-- Records shown follows --

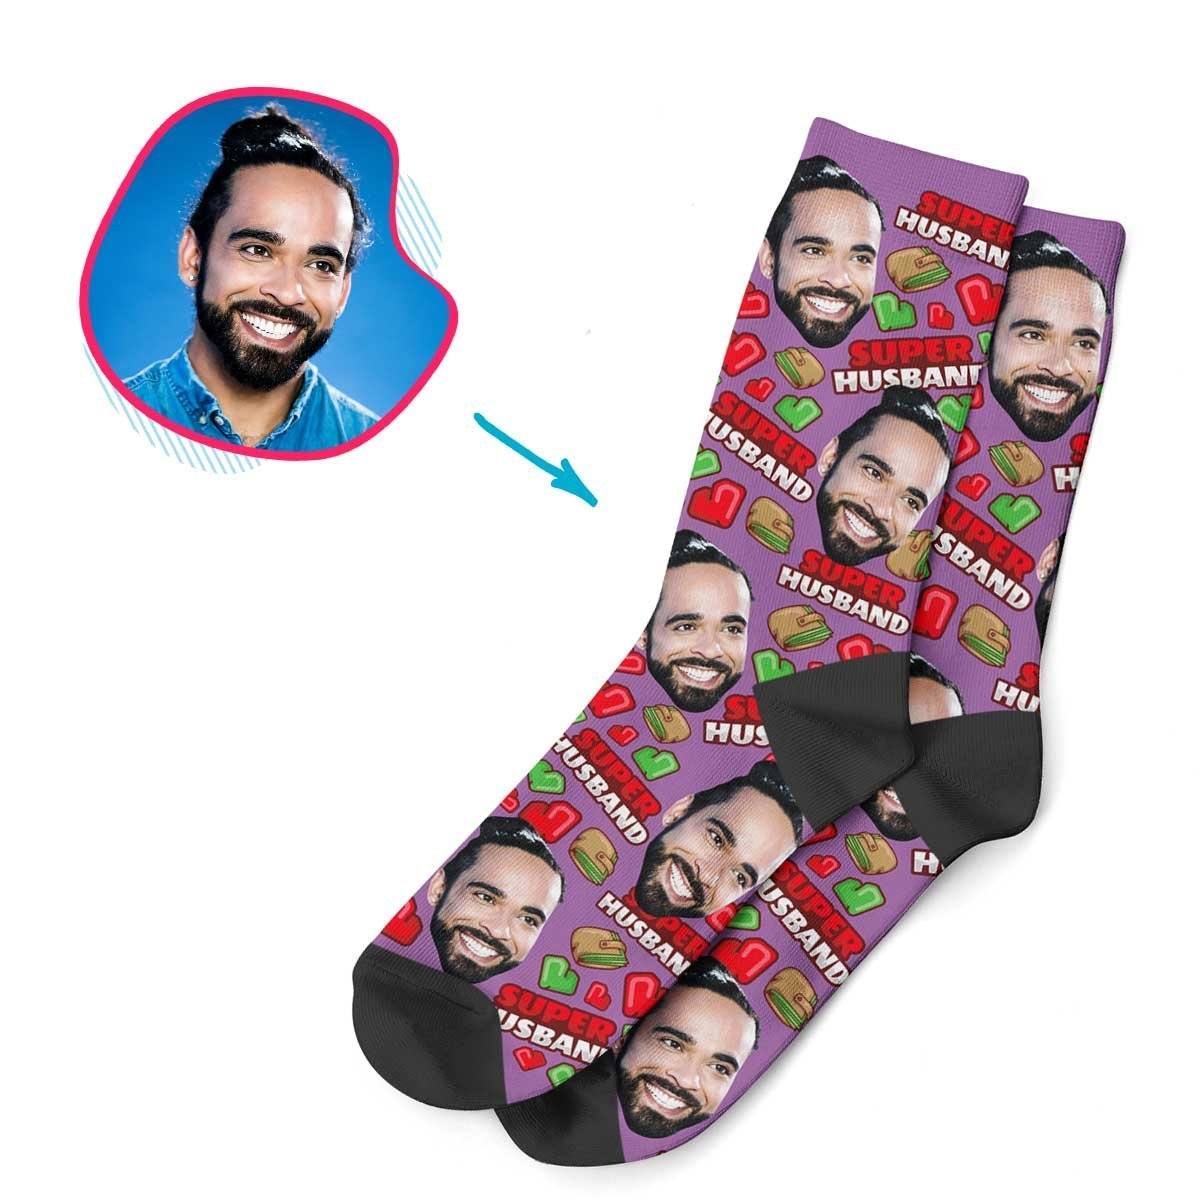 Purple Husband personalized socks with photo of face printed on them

-- Records shown concluded --
-- Records shown follows --

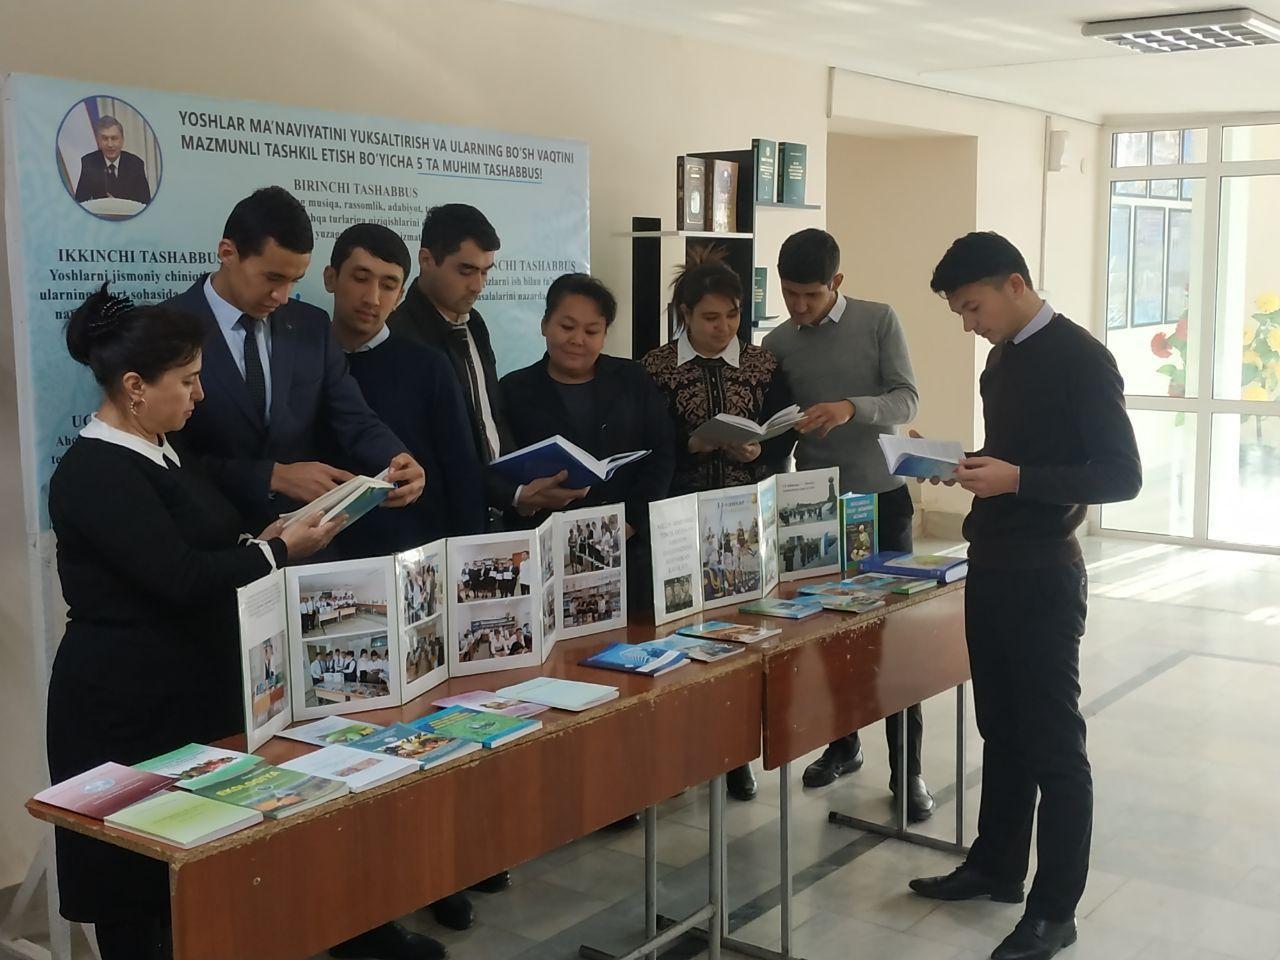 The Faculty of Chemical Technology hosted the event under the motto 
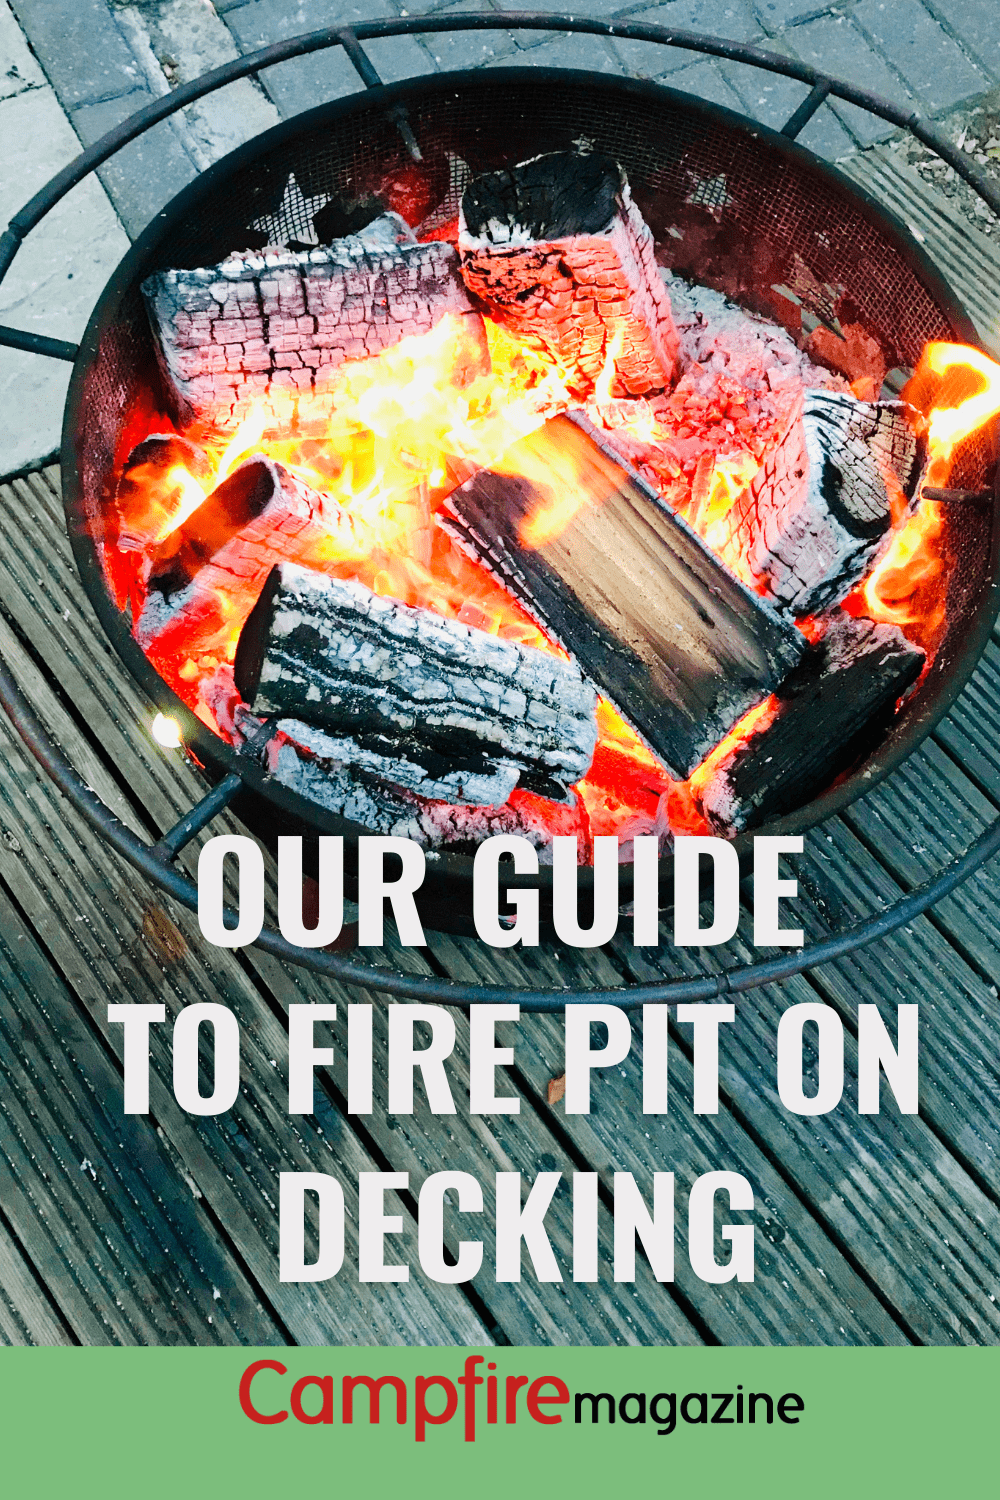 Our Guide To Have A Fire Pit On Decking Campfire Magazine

-- Records shown concluded --

» How to complete this task:
Given the listing above, repeat exactly the lines starting at the one with "The Faculty of" and ending at the one with "Our Guide To", inclusive, excluding pictures.

» Result:
 The Faculty of Chemical Technology hosted the event under the motto 
 Our Guide To Have A Fire Pit On Decking Campfire Magazine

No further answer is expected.